Erdogan Proposes Women's Reforms to Muslim Organization
Sabah reports that Prime Minister Erdogan has sent to the
Organization of the Islamic Conference (OIC) a proposal for forming
a special sub-organization designed to work on reforms for women in
Islamic countries. He maintained that Islam has to fight against
wrong beliefs and traditions to improve the status of women.
Erdogan said "Muslim Turkish women" should be represented on
international platforms, in politics and in all aspects of social
life. He stressed that ignorance was a major obstacle that had to
be overcome, adding that his government had launched a campaign for
sending girls to school in an effort to improve their status.
Erdogan also noted that he was not content with the number of women
in the Turkish parliament, vowing to increase the number of female
parliamentarians in the next elections. Erdogan also denounced
honor killings, stressing that such actions cannot be forgiven.

YASED Supports US Cargill
Milliyet reports Turkey's International Investors Association
(YASED) said in a statement that the "Cargill problem" stemmed from
the disagreement between the executive and judiciary mechanisms in
Turkey. The statement said the closure of the Cargill plant in the
Bursa province, which had been named "the best factory" among 300
Cargill plants in 2005, made other international investors in the
country uneasy.

Editorial Commentary on the Saddam Death Penalty
Emin Colasan comments in the mass appeal Hurriyet: "The truth is
that Saddam was a real dictator and he was brutal. Yet at the same
time Iraqis, with the exception of opponents of the regime, were
living safe and sound. He has now been tried by a court -- a puppet
court organized by the US -- and sentenced to death. Time will show
whether the verdict will be executed or not. But the main problem
for Iraq remains the security of the Iraqi people. Under the Saddam
regime, Iraq kept its territorial integrity to a certain degree
until the US invasion which only helped bring about the loss of
thousands of lives and create a division between Sunni, Shiite and
Kurd. The US had better reevaluate the Iraq case considering the
abyss that it is heading toward. If it was possible to ask the
people of Iraq whether they would rather live in the Saddam era or
the current occupation, the answer would probably be the former in
the Sunni and Shiite areas."

Melih Asik observes in the mainstream Milliyet: "There is no way
for the US and the UK to present the verdict on Saddam as a fair
judgment. First of all this was not a fair tribunal. Who can
possibly believe that? This is a country where everything fails
because of the occupation with the exception of a properly working
court system. Saddam's sentence comes because of his killing of 148
Iraqis. If that makes a good case, one really wonders about the
crimes of Bush and Blair. If Saddam is hanged it will not serve any
purpose at all. His hanging will only accelerate the fight against
the US as well as the puppet administration. The truth is a
dictator genuinely dies when he is tried and hanged by his own
people. But when he is hanged by others, he becomes a hero. The
hanging of Saddam will add another mistake to the US account."

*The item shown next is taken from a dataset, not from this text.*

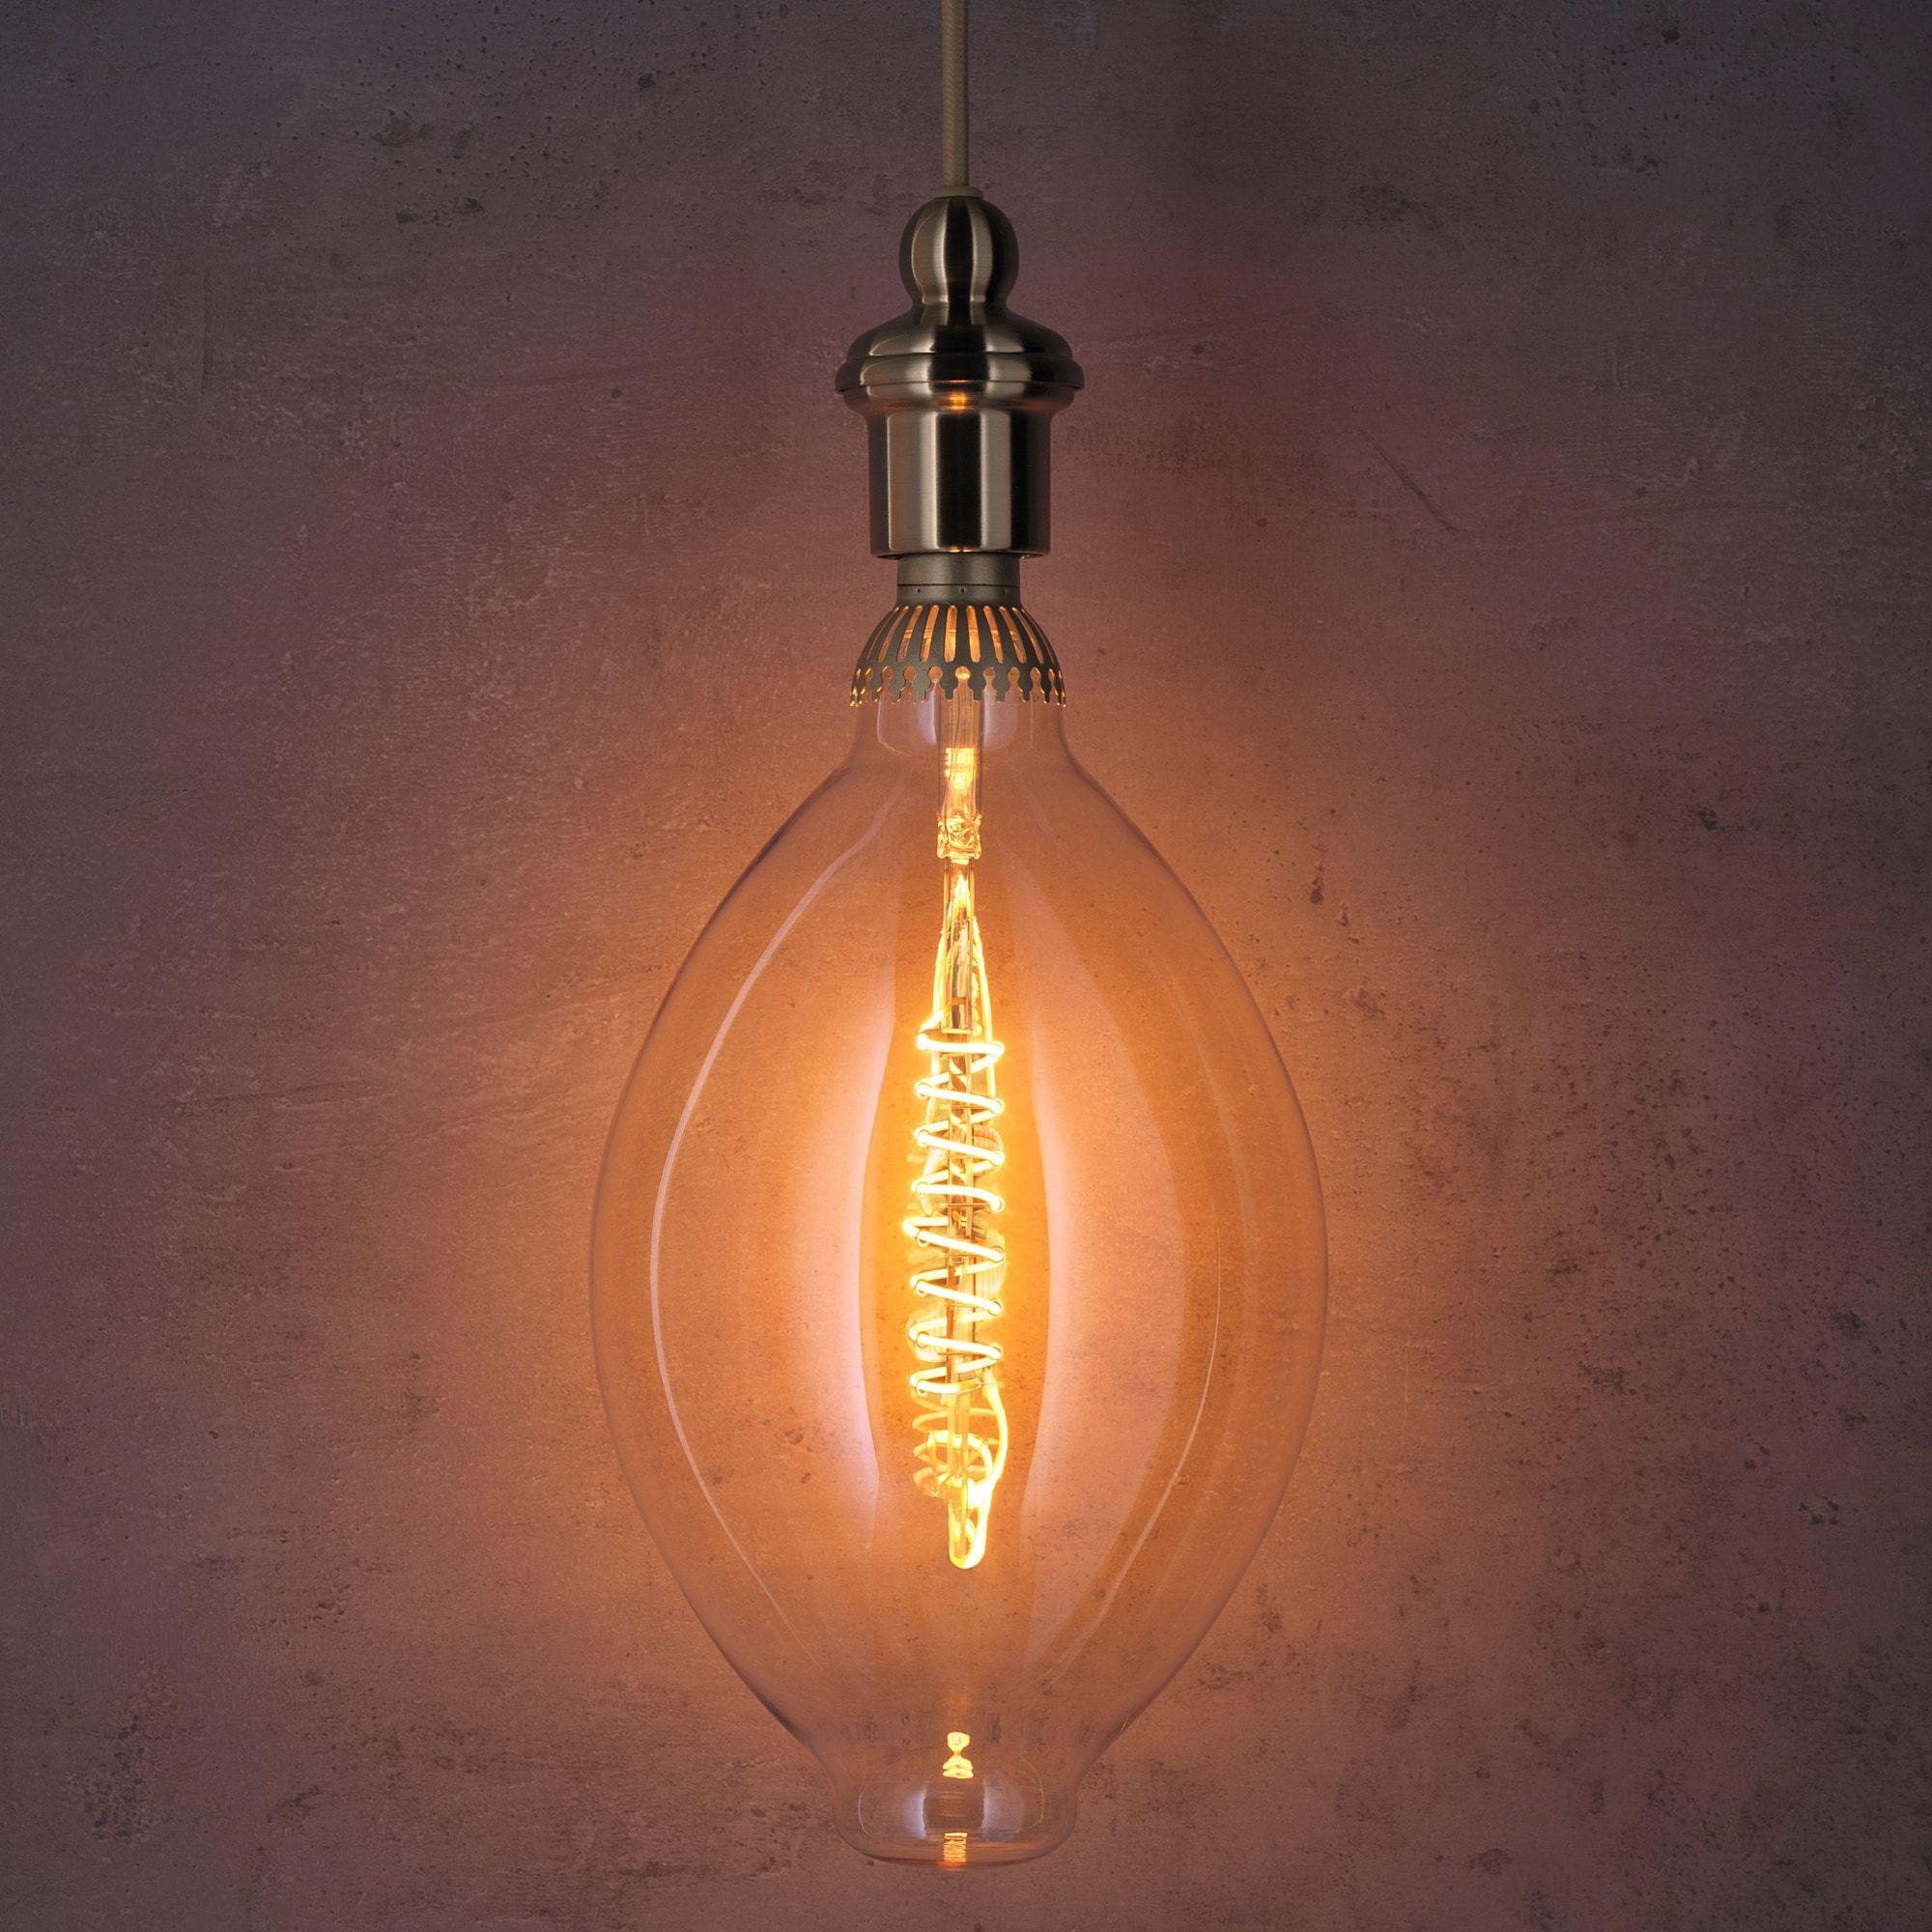 Retro Hängeleuchte Deckenlampen Vintage Industrie Pendelleuchte Lampe E26 LM
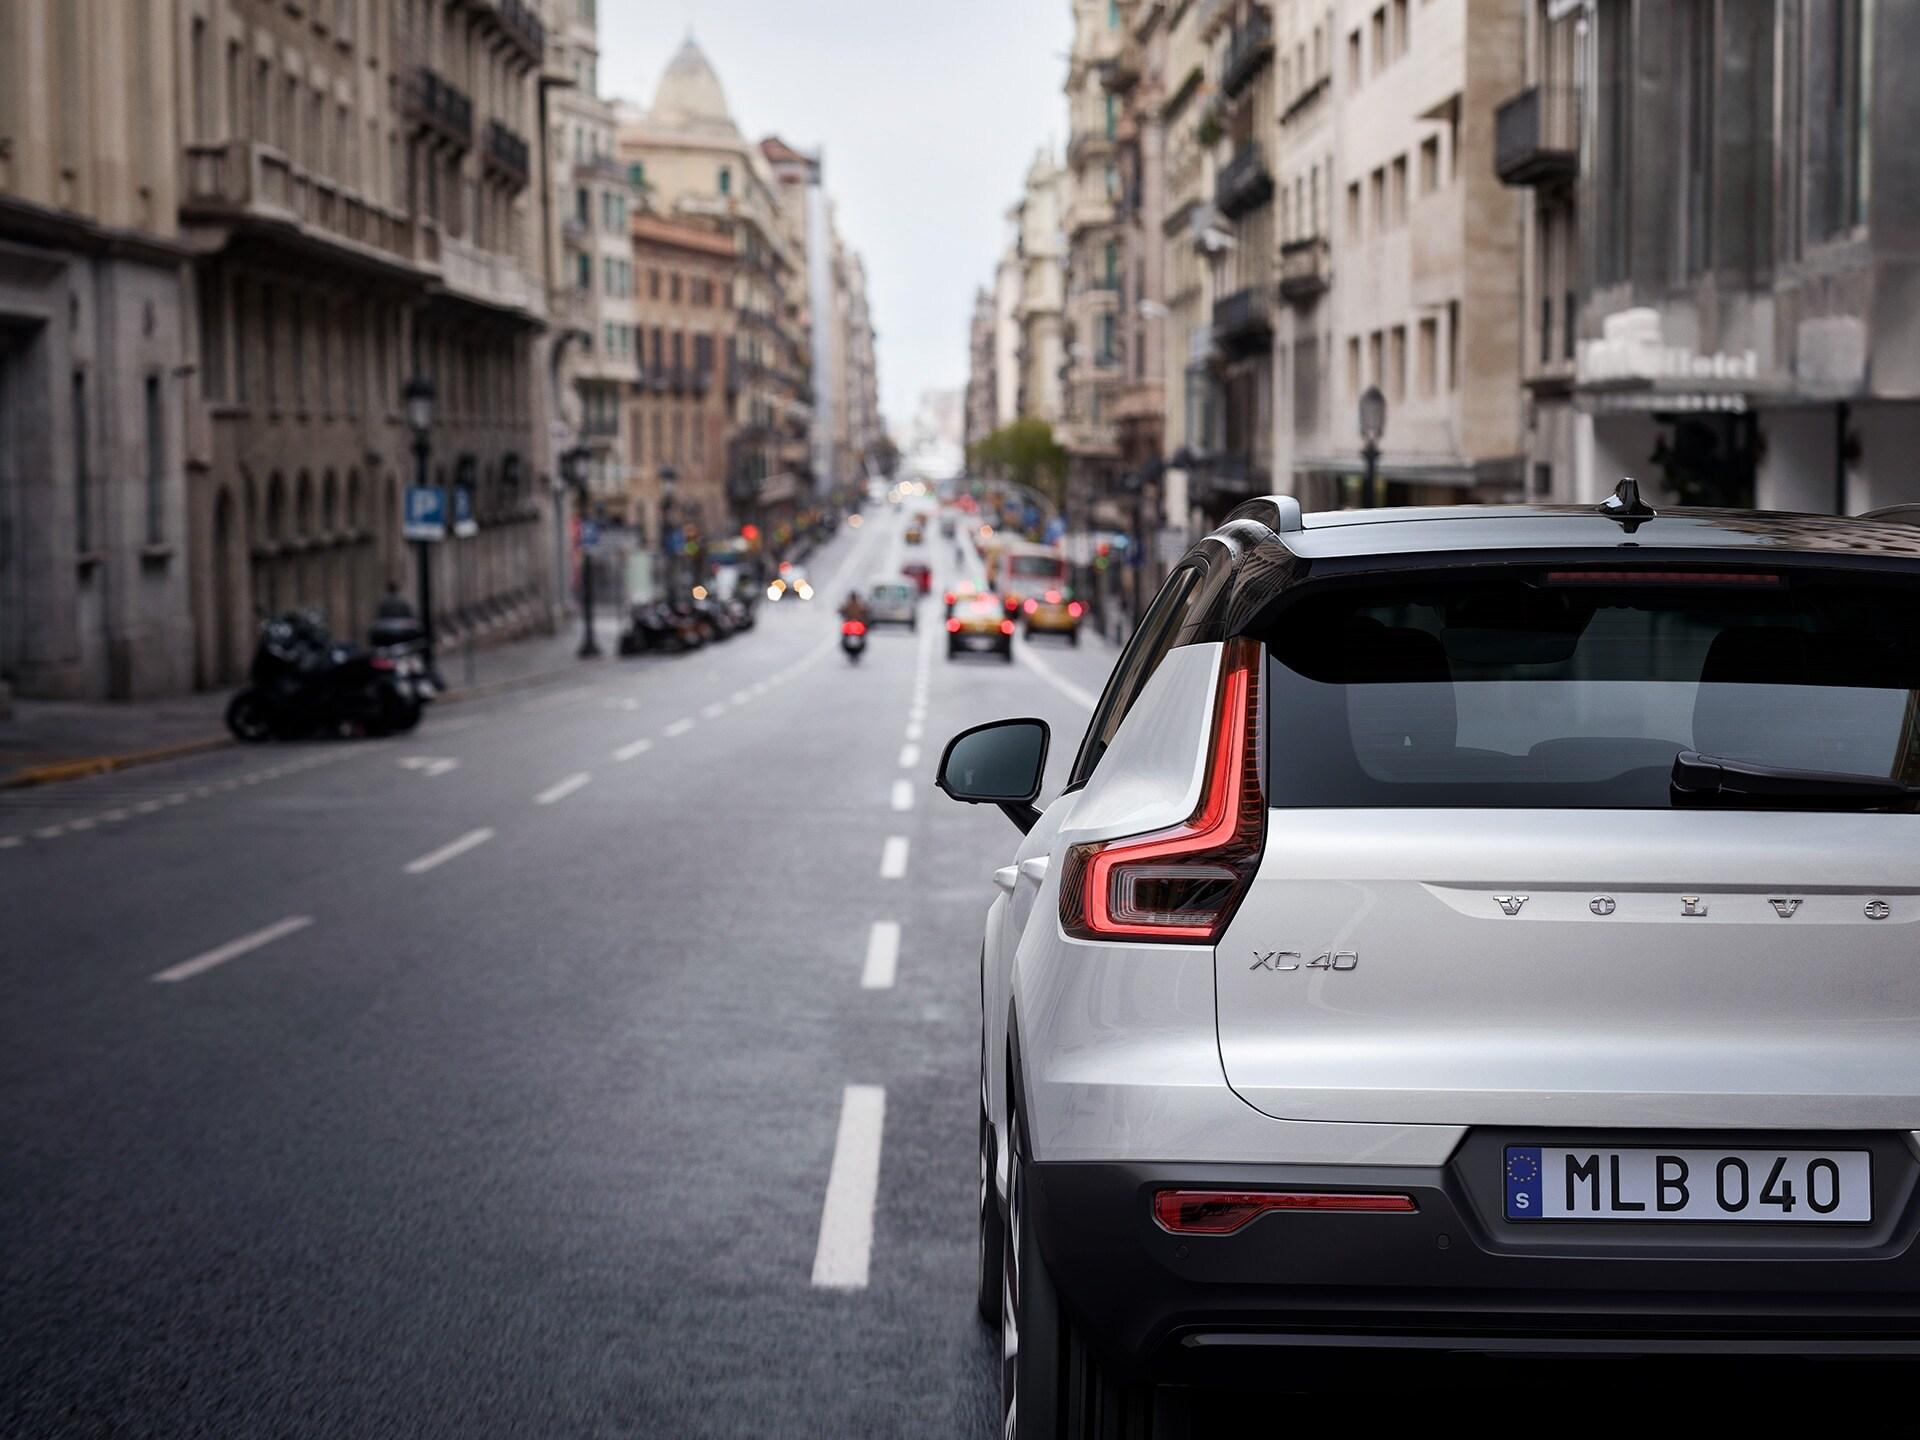 Ein weißer Volvo XC40 Mild-Hybrid fährt in der Stadt die Straße entlang.

Fehmi Koru argues in the Islamist-opinion maker Yeni Safak: "The US
was leading the trial process which started right after the
occupation. However the very same US did not do anything while
Saddam committed all those crimes. This is simply because when he
was brutally committing crimes, he was considered to be one of the
good guys by the US. He was receiving guidance from Donald Rumsfeld
for instance. And, can we call it a coincidence that the court
verdict was available 48 hours before the US Congressional
elections? Iraq policy has become a key factor during this election
and the Republicans are trying to use the verdict to argue that

ANKARA 00006364 003 OF 003


things are going well in Iraq. The truth is Iraq is suffering even
more every passing day. Figures coming from independent sources are
telling us that almost 3,000 Americans and 655,000 Iraqis died so
far. Utterly disappointed due to growing instability, more Iraqis
seem to see joining the resistance as the only option. Saddam has
been sentenced to death but Iraq remains a problem."


TV Highlights
NTV (8 A.M.)

Domestic News

- Representatives of 65 NGOs in the southeastern city of Diyarbakir
have released a statement saying southeast Turkey should be declared
an emergency region after flash floods killed over 40 people in the
mainly Kurdish region.

- On Monday, university students and NGOs staged rallies in Ankara
and Istanbul to protest the 25th anniversary of the founding of
Turkey's High Education Board YOK.

- Police detained 110 suspects in house raids in anti-drugs
operations in the city of Sakarya near Istanbul.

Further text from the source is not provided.